The most common side effects were headaches, acne and nasopharyngitis. 2 adolescents stopped the study. One in the 50 mg group stopped due to urticaria and 1 in the ritlecitinib 10 mg stopped due to eczema.

Across the entire study serious AEs were reported in 3 adolescents: one patient had appendicitis (200/30 mg group), one patient had suicidal behavior (10 mg group), and one patient had eczema (10 mg group). There were no deaths, malignancies, major adverse cardiovascular events, pulmonary embolisms, opportunistic infections, or herpes zoster infections were reported in this adolescent age group. There were no alterations in growth patterns.

Blood tests had slight changes. Creatinine kinases (CKs) bumped a bit in some participants; There was no rhabdomyolysis. Cholesterol levels also changed slightly but it was minor.

Conclusions

All in all it appears that ritlecitinib is reasonably well tolerated in the 12-17 age group. We have only 18 participants who received the 50 mg  dose – i.e. the dose that is FDA approved so there is not all that much data to look at.

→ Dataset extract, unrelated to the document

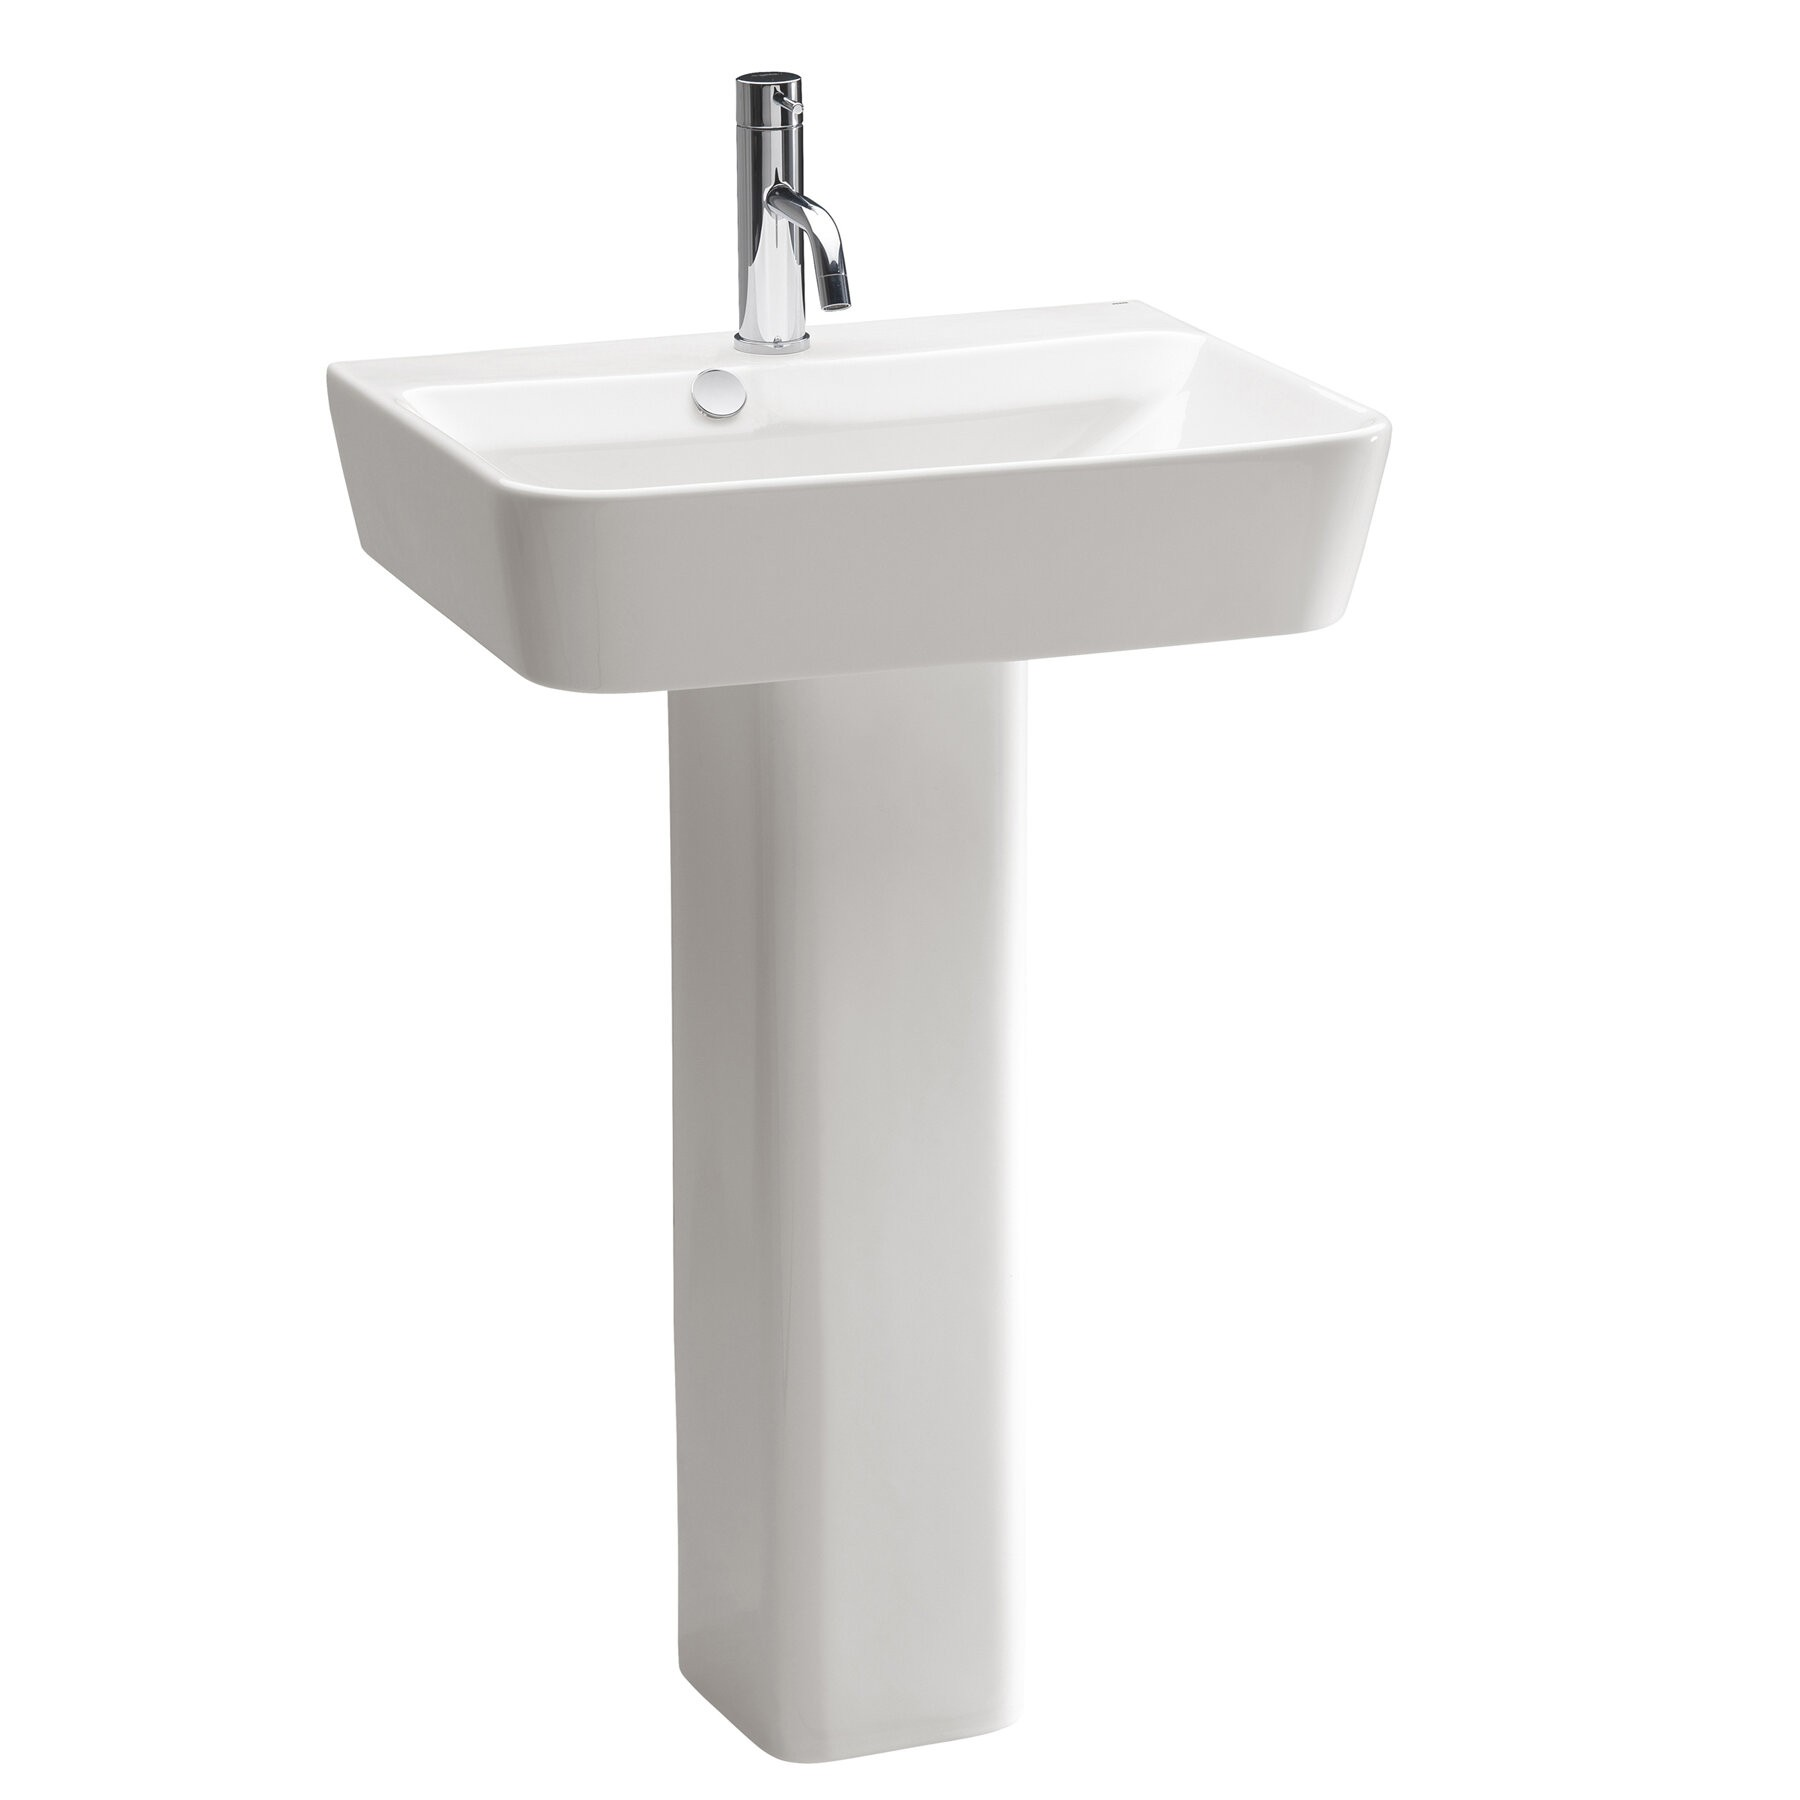 Modern Pedestal Sinks For Small Bathrooms Ideas On Foter

Nevertheless, it appears that improvements are very similar to what we see in the main ritlecitinib trial of all patients (adults and adolescents together). 25 % achieving SALT <20 at week 24 and about 50 % by week 48.

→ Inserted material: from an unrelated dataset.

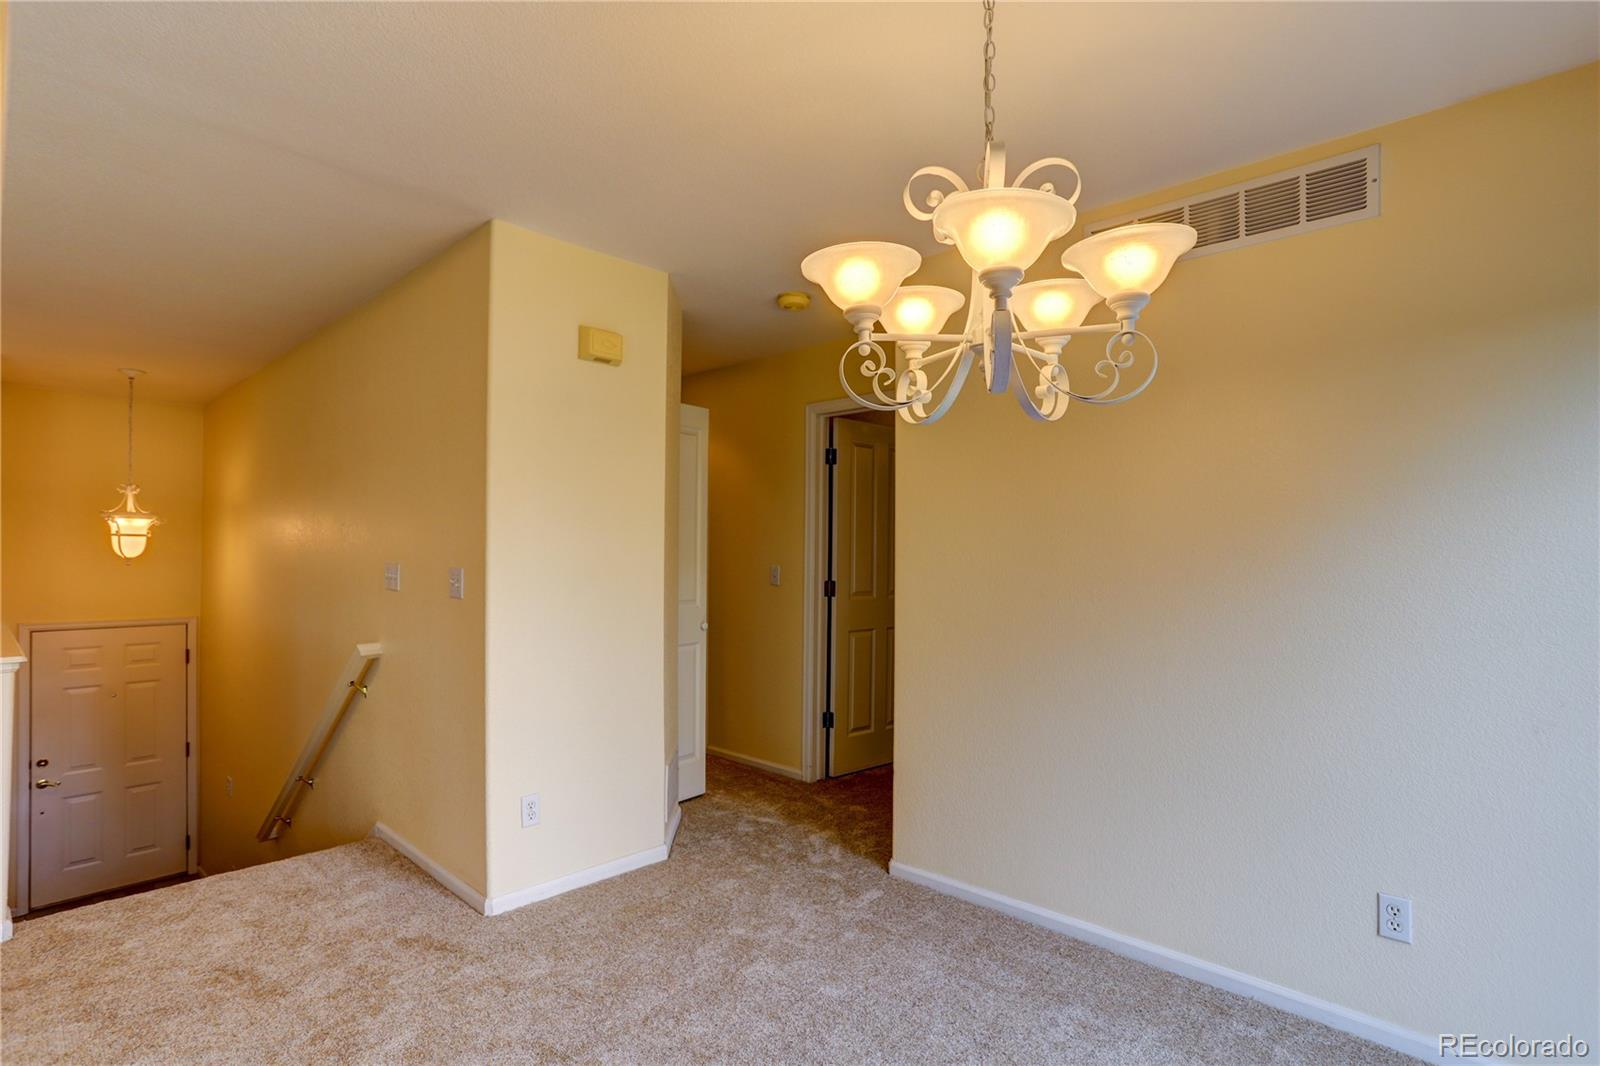 MLS# 2836182 - 6 - 7700 W Grant Ranch Boulevard #10D, Littleton, CO 80123

Side effects are mild in the pediatric group although there are fewer patients to collect data on. It will still be important to follow blood tests before and after starting as clearly some labs can change. Minor changes in CK and cholesterol were noted but appeared minor.

Given that this drug will be needed lifelong, it will be important to see what side effects take place over 5, 10 and 20 years or more of the drug and if results are maintained for many, many years or whether some patients lose effects and develop worsening hair loss again.

REFERENCE

Hordinsky M et al. Efficacy and safety of ritlecitinib in adolescents with alopecia areata: Results from the ALLEGRO phase 2b/3 randomized, double-blind, placebo-controlled trial. Pediatr Dermatol. 2023 Jul 17.